耶隆见艾真没说什么,又打趣道『是不是想着,早点到了那里吃好吃的,还是想和我进山捉兔子?』
艾真回了声『想好好洗个澡睡个好觉』
耶隆听了心中五味杂陈,他听得出艾真说这话的弦外之音,几不可闻地轻轻叹了口气,半晌才回了声『好,到了就好了』
这一夜艾真睡得极不好,先是半梦半醒地哼,连大管事都警醒了,问她哪里不舒服,她也不说,后干脆睡不实了,压着声也难抑制地小声哼着,耶隆翻身起来看时,只隐约觉得人有些抖,便抚着艾真的肩问她『是不是痛』她捏住耶隆的手不放,耶隆才发现她满手的细汗,知她定是伤口痛极,便反手将她的手握在手里,坐着守着她,闭目一手紧握着她,一手数着珠子念着经。
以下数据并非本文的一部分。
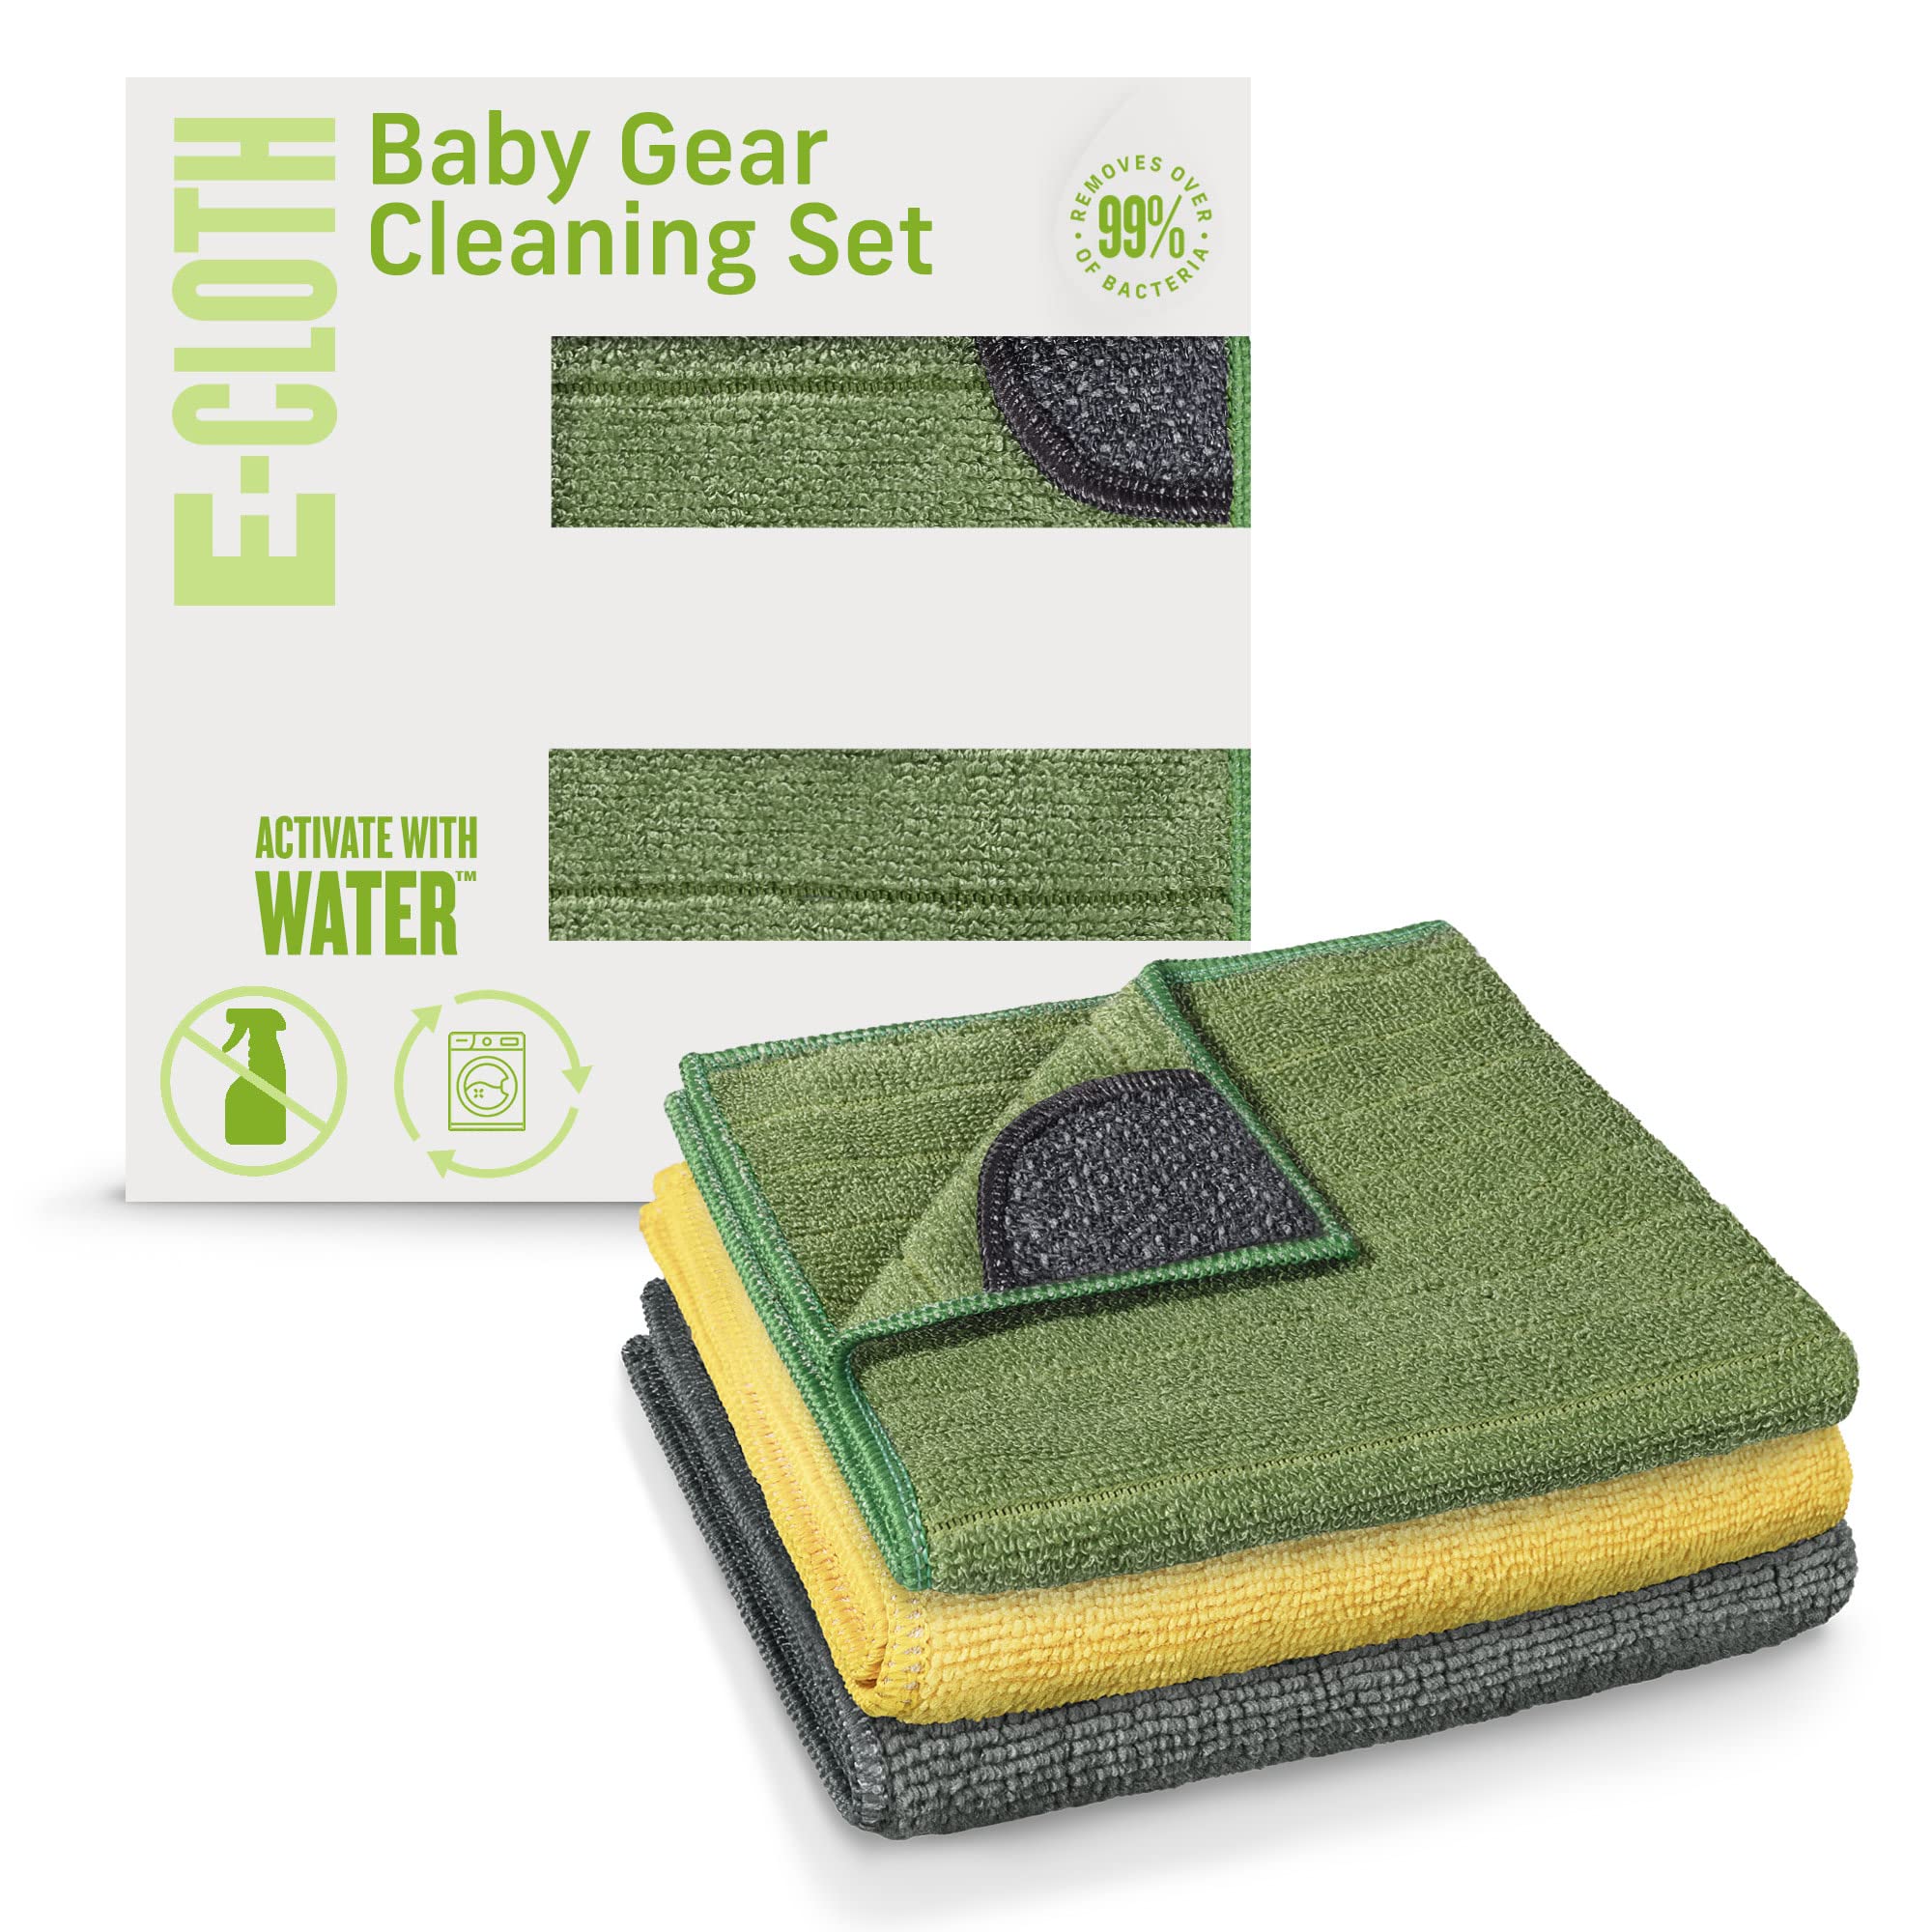 E-Cloth Baby Gear Cleaning Kit, Premium Microfiber Cloth, Ideal for Baby High Chairs, Cover, Car Seat, Booster Seat, Stroller, Nursery Toys, 100 Wash Promise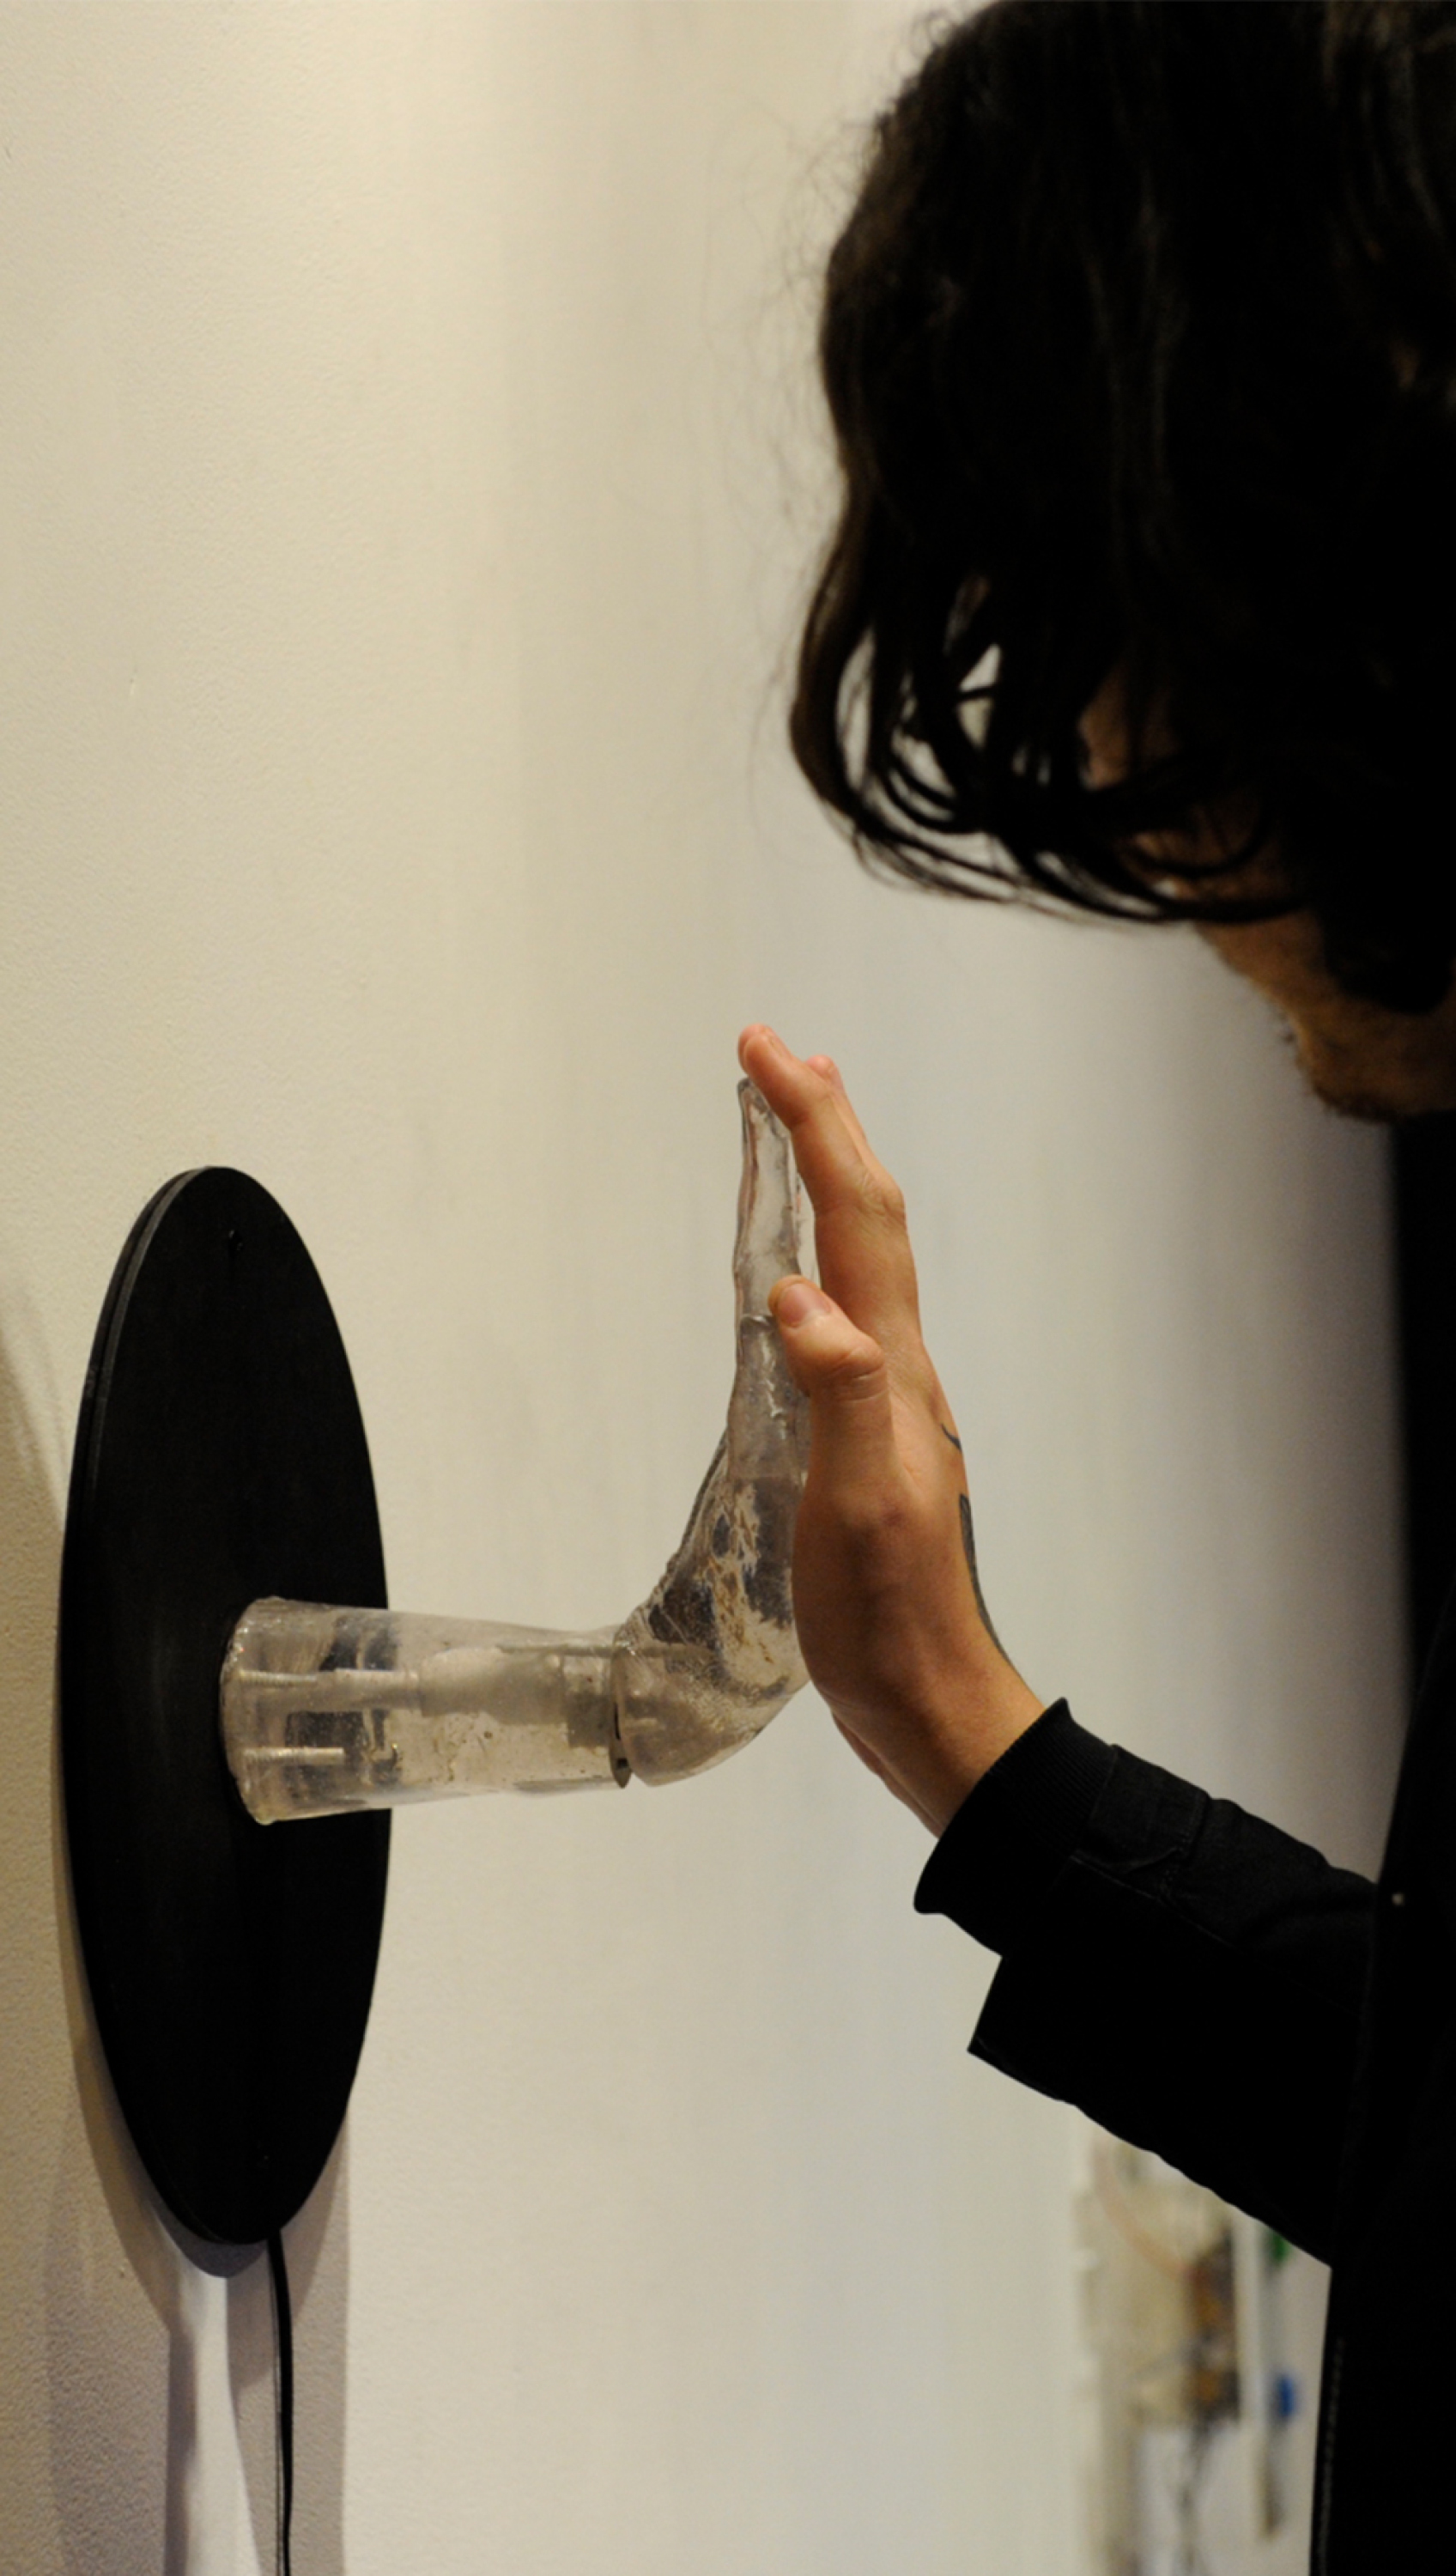 Photo of 'Sensitive Technological' (2018) showing the transparent hand-shaped piece on the left, and a human hand interacting with it on the right. (Photo: Rodrigo Bello Marroni)

大管事点了马灯,翻身披衣出了帐,小伙计坐起身拥着毯子,有些害怕又有些伤心地盯着眼前的两人愣着神,不知不觉便流出了眼泪,吸鼻擦泪弄出了动静,耶隆睁眼看着他,竟没有斥责他,悲伤溢出眼框,小伙计看懂了那神色,一时间除了伤心还有同情,同情艾真也同情耶隆......
这一次艾真觉得死神近在咫尺,自已失力地想要放弃抵抗了,耶隆温热的手掌紧紧抓住她,一直以来她都在死神和耶隆的拉锯战中,早被撕扯得破败不堪,这次她觉得耶隆太怕将她拉碎了,正在向死神妥协一点点地松了力气......
(本章完)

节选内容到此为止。